Les ninjas de l’improvisation

Illustration par Afshin Sabouki

Illustration par Afshin Sabouki

Du public, une scène et des comédiens… Cela ressemble à du théâtre, à la différence que les acteurs ne savent pas ce qu’il vont dire. Depuis sa création au Québec en 1977, l’improvisation est un art qui ne cesse de se développer à travers le monde. La Source vous entraîne sur les planches de quelques théâtres vancouvérois, à la rencontre de ces improvisateurs des temps modernes !

Assister à un spectacle d’impro, c’est un peu comme entrer dans une arène où s’affrontent des gladiateurs. Le verbe à la place du glaive, ils se défient et s’allient pour le meilleur et pour le rire. Le principe de base est simple : Rassembler sur une scène un arbitre et deux équipes de comédiens parés à rivaliser d’inventivité pour conquérir les zygomatiques d’un public très actif.
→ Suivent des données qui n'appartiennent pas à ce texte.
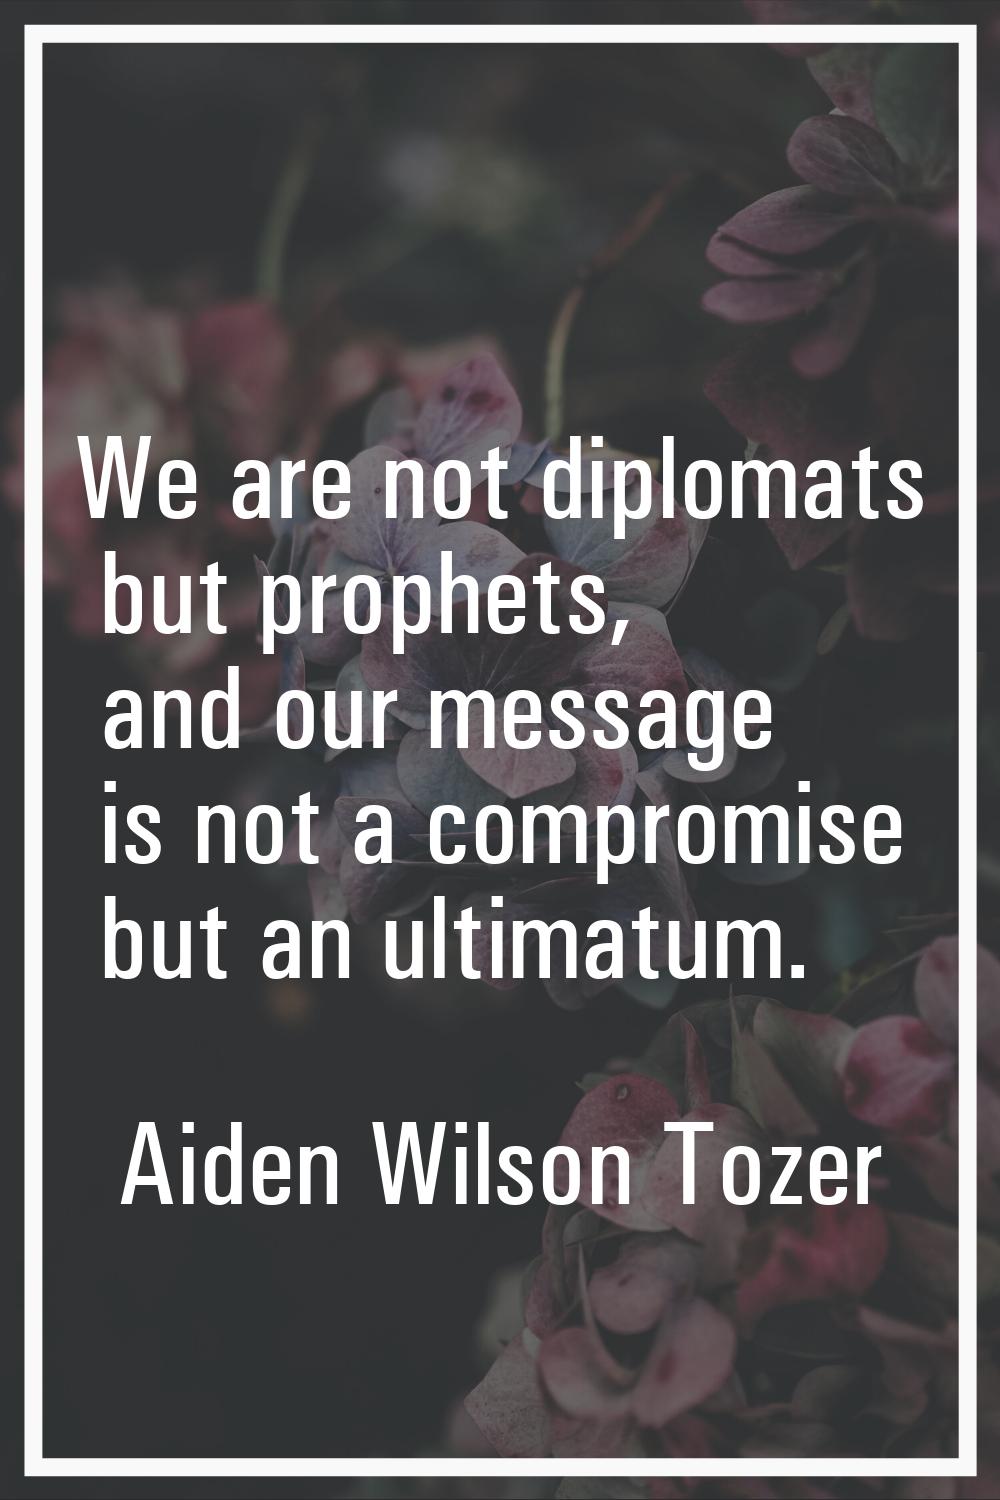 We are not diplomats but prophets, and our message is not a compromise but an ultimatum.

Ce dernier participe aux intrigues les plus loufoques qui se déroulent sous ses yeux à partir de quelques mots lancés à la volée : La bière du matin à Munich, l’histoire d’un castor dépressif, d’une maison de pancakes ou encore d’un singe qui fait du tennis… Pour l’acteur Graeme Duffy, l’impro, « c’est créer quelque chose à partir de rien, aller vers l’inconnu avec juste quelques instructions. » Ce comédien professionnel de 27 ans officie plusieurs fois par semaine sur l’île de Granville dans le centre d’improvisation du Vancouver TheatreSports créé en 1980. Il forme les jeunes et les moins jeunes à cet art qui ignore les frontières puisqu’on le pratique aussi bien dans le monde francophone qu’aux États-Unis, au Mexique ou au Japon. Lorsqu’il anime des ateliers avec des femmes et des hommes dont l’anglais n’est pas la première langue, Graeme les invite d’abord à s’exprimer dans leur idiome pour les observer « se libérer, agir et prendre confiance. Si les gens ont peur du risque et du ridicule, on leur montre qu’il ne faut pas s’en faire. Sur scène, on n’est jamais seul, on s’aide et on rebondit en permanence. » Pour stimuler la créativité, il existe une règle de base très stricte et efficace, « ne jamais dire non car cela bloque l’inspiration, on répond toujours oui et l’on ajoute quelque chose de nouveau ». Une règle utile aussi dans le monde de l’entreprise qui s’en sert de plus en plus pour résoudre des conflits ou tout simplement créer du lien entre les salariés.

Photo par Mathias Raynaud

Photo par Mathias Raynaud

La ligne rouge de l’humour
Lui aussi acteur et formateur, avec 24 années de pratique de l’impro au compteur, Pearce Visser avoue que « c’est toujours intéressant de travailler avec des gens issus d’autres cultures, car au-delà de la langue, c’est aussi tout le langage corporel qui diffère et cela rend toutes les interactions possibles, c’est universel ». Si, pour lui, il ne fait aucun doute que « l’impro peut se travailler partout dans le monde », il met en garde contre la ligne rouge qu’il ne faut pas franchir, celle de l’humour facile qui revient à utiliser les différences des minorités. « On n’essaye de ne pas faire de blagues sur les origines car on ne veut pas paraître raciste ou faire en sorte que certains se sentent insultés ou mal à l’aise. Par exemple, je ne jouerais pas le rôle du chauffeur de taxi indien pour ne pas tomber dans ce cliché et risquer d’offenser. » Alors peut-on faire de l’humour avec les différences culturelles ? Si le sujet n’est pas tabou, il est sensible. Pearce, qui est également l’un des directeurs artistiques du Vancouver TheatreSports, reconnaît pourtant utiliser certains stéréotypes : « Si je dois jouer un Français, je vais fumer, un Italien, je vais bouger les mains, un Irlandais, faire de la danse en ligne. » Bien qu’il porte un nom d’origine écossaise, Aaron Mccalum vient de Grandpré en Alberta. Attiré par la création artistique, ce francophone barbu a démarré l’import avec la troupe de l’Instant Theatre Company il y a deux ans et reconnaît parfois utiliser aussi quelques lieux communs: « En Colombie-Britannique on aime fumer de l’herbe et être relax, en Alberta on aime le pétrole et l’argent, il y a les fermes dans les prairies, le centre du monde en Ontario, l’accent français et le sirop d’érable au Québec et les pêcheurs dans les Maritimes, » enchaîne-t-il avec l’aide d’un compère entre deux éclats de rires. Mais la diversité des profils et des origines reste avant tout pour lui une force car « chacun apporte son énergie qui est unique ».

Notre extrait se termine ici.